Assim ensina o apóstolo das gentes que, não obstante o incómodo que sofria com os seus padecimentos, não via neles um obstáculo para a sua missão, mas um outro modo de a realizar: “Eu, agora, me alegro nos sofrimentos por vós e completo na minha carne o que falta aos sofrimentos de Cristo, pelo seu corpo, que é a Igreja, da qual fui constituído ministro, segundo o encargo que Deus me deu junto de vós, que é de anunciar, na sua plenitude, a palavra de Deus” (Cl 1, 24-25).

Ainda recordo a primeira vez em que, sacerdote recém-ordenado, fui chamado à cabeceira de um agonizante que, com efeito, faleceu pouco depois. Depois de o atender pastoralmente, procurei dar-lhe alento, não só dizendo que estava presente nas orações dos seus familiares e amigos, mas também que todos nos apoiávamos na sua doença e recorríamos à sua oração, na certeza de que agora, precisamente porque estava naquele estado, era maior a sua potência apostólica. Nunca esqueci a sua resposta, murmurada num tom de voz quase imperceptível: ‘Isso é estupendo!’

Para os descrentes, talvez a ciência da cruz possa parecer masoquismo ou, até, falta de caridade consigo mesmo, ou com o próximo. A razão, por si própria, não consegue desvendar o mistério do sofrimento humano. Mas, à luz da fé, essa realidade, embora humanamente incompreensível e, por vezes, até revoltante, adquire um sentido sobrenatural que é, sem dúvida, a melhor terapia para o pior dos sofrimentos.

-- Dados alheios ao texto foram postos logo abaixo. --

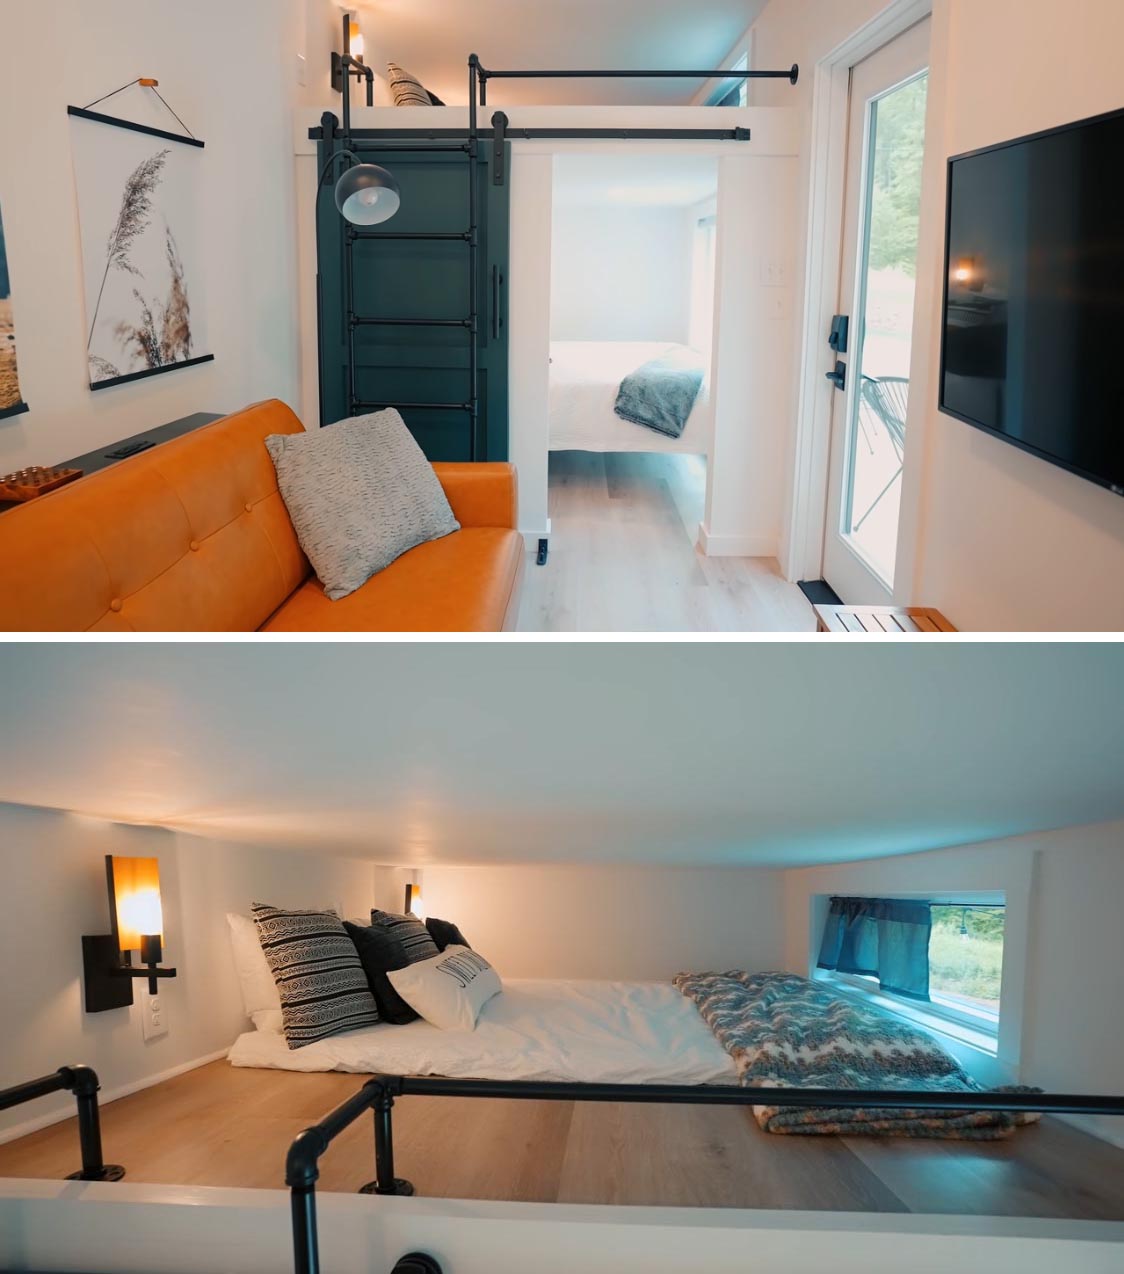 A shipping container home with a small bedroom and secondary lofted sleeping area.
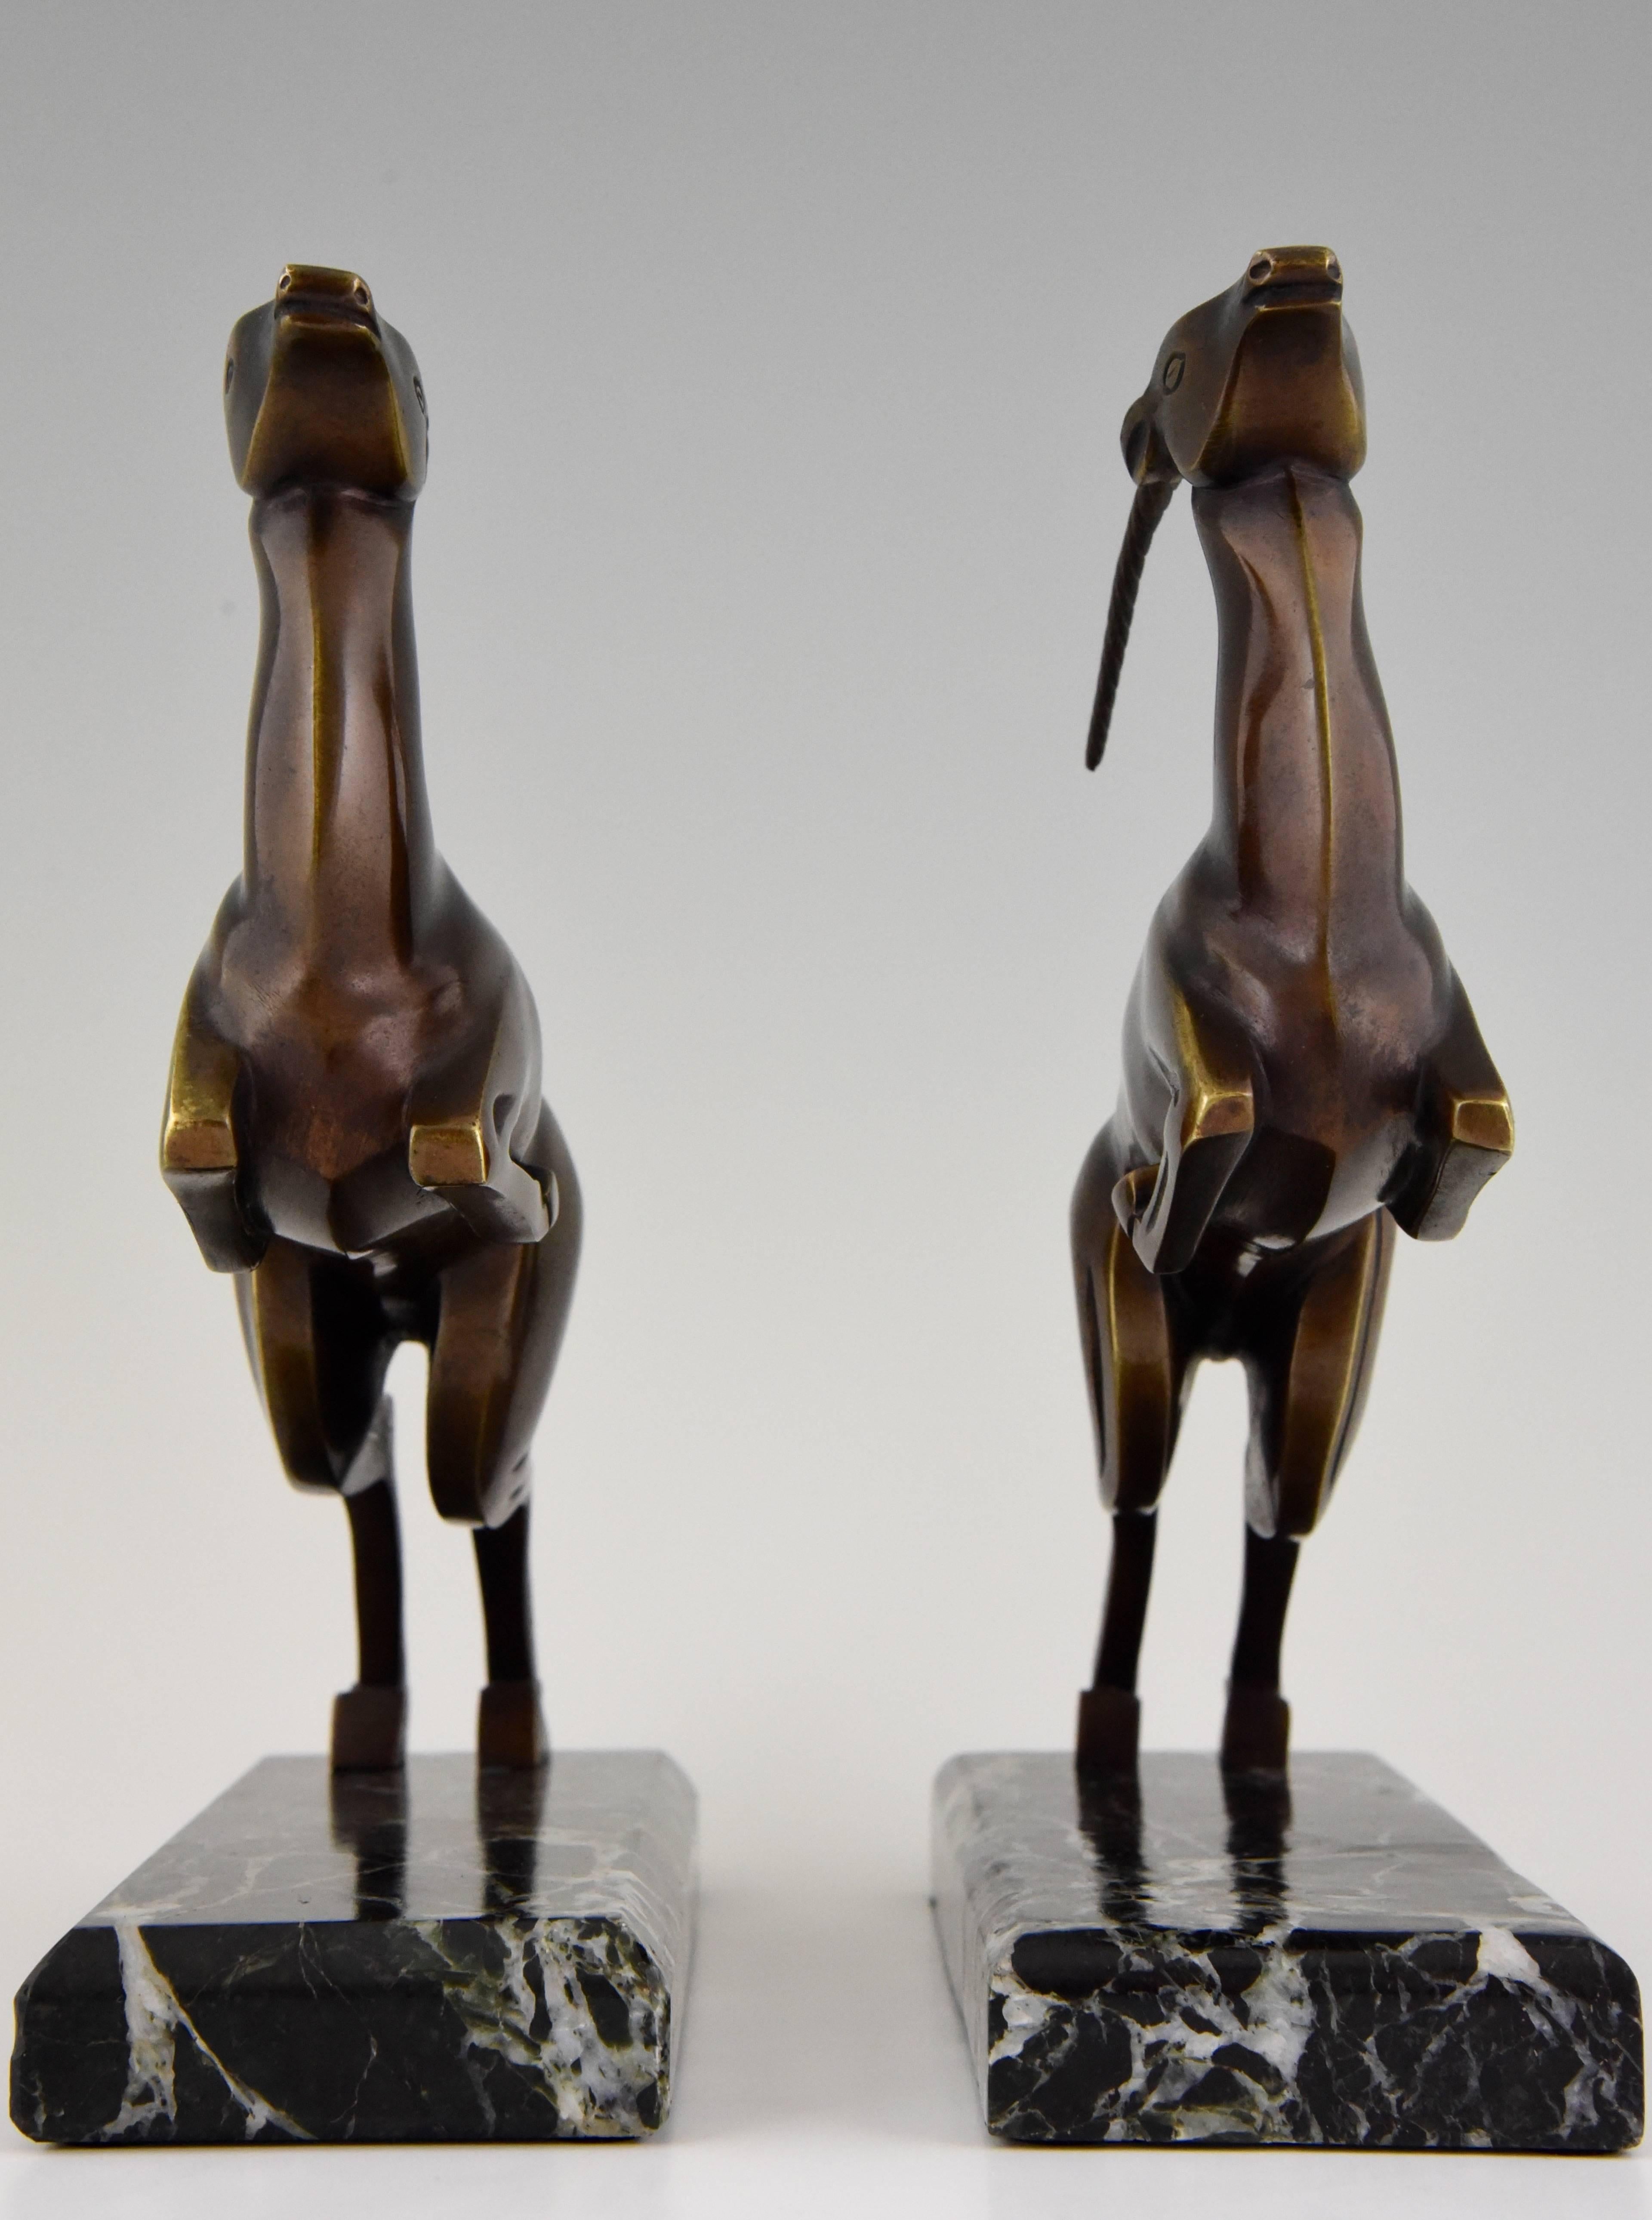 French Art Deco Bronze Leaping Gazelle Bookends by Marcel Andre Bouraine, 1930 France

A Igreja, que está na origem das universidades, desde sempre combateu, como nenhuma outra instituição do mundo, a doença, e procura, através da investigação científica, a sua explicação e cura. Portanto, a conformidade com o sofrimento não serve de desculpa para não procurar a sua erradicação, através de todos os meios humanos lícitos. Mas sabe de antemão que, por maior que seja o progresso da medicina, nunca será possível eliminar da vida terrena o sofrimento. Por isso, a par de instituições que procuram debelar o mal pela via da investigação científica, a Igreja desde sempre promoveu, em todo o mundo, entidades hospitalárias, sobretudo para os mais necessitados.   

Por duas vezes estive internado em hospitais públicos – Egas Moniz e São Francisco Xavier – e, nos dois casos, pude beneficiar, com grande proveito, dos serviços dos respectivos capelães, que foram inexcedíveis no meu atendimento. No meu mais recente internamento, já neste mês, por estar também com Covid, a visita diária do capelão implicava riscos para a sua saúde e, também, um maior incómodo, pois tinha de se equipar de acordo com as regras de segurança impostas pelas autoridades sanitárias: muito obrigado, Padre Jorge!

Confesso que fiquei maravilhado com este ministério, que não tem a visibilidade, nem o protagonismo, de uma pastoral multitudinária, mas que, no conforto espiritual que confere ao doente, é de uma extraordinária riqueza. Com efeito, onde não chega a razão humana, nem a ciência alcança, penetra, ilumina, consola e cura a graça de Deus!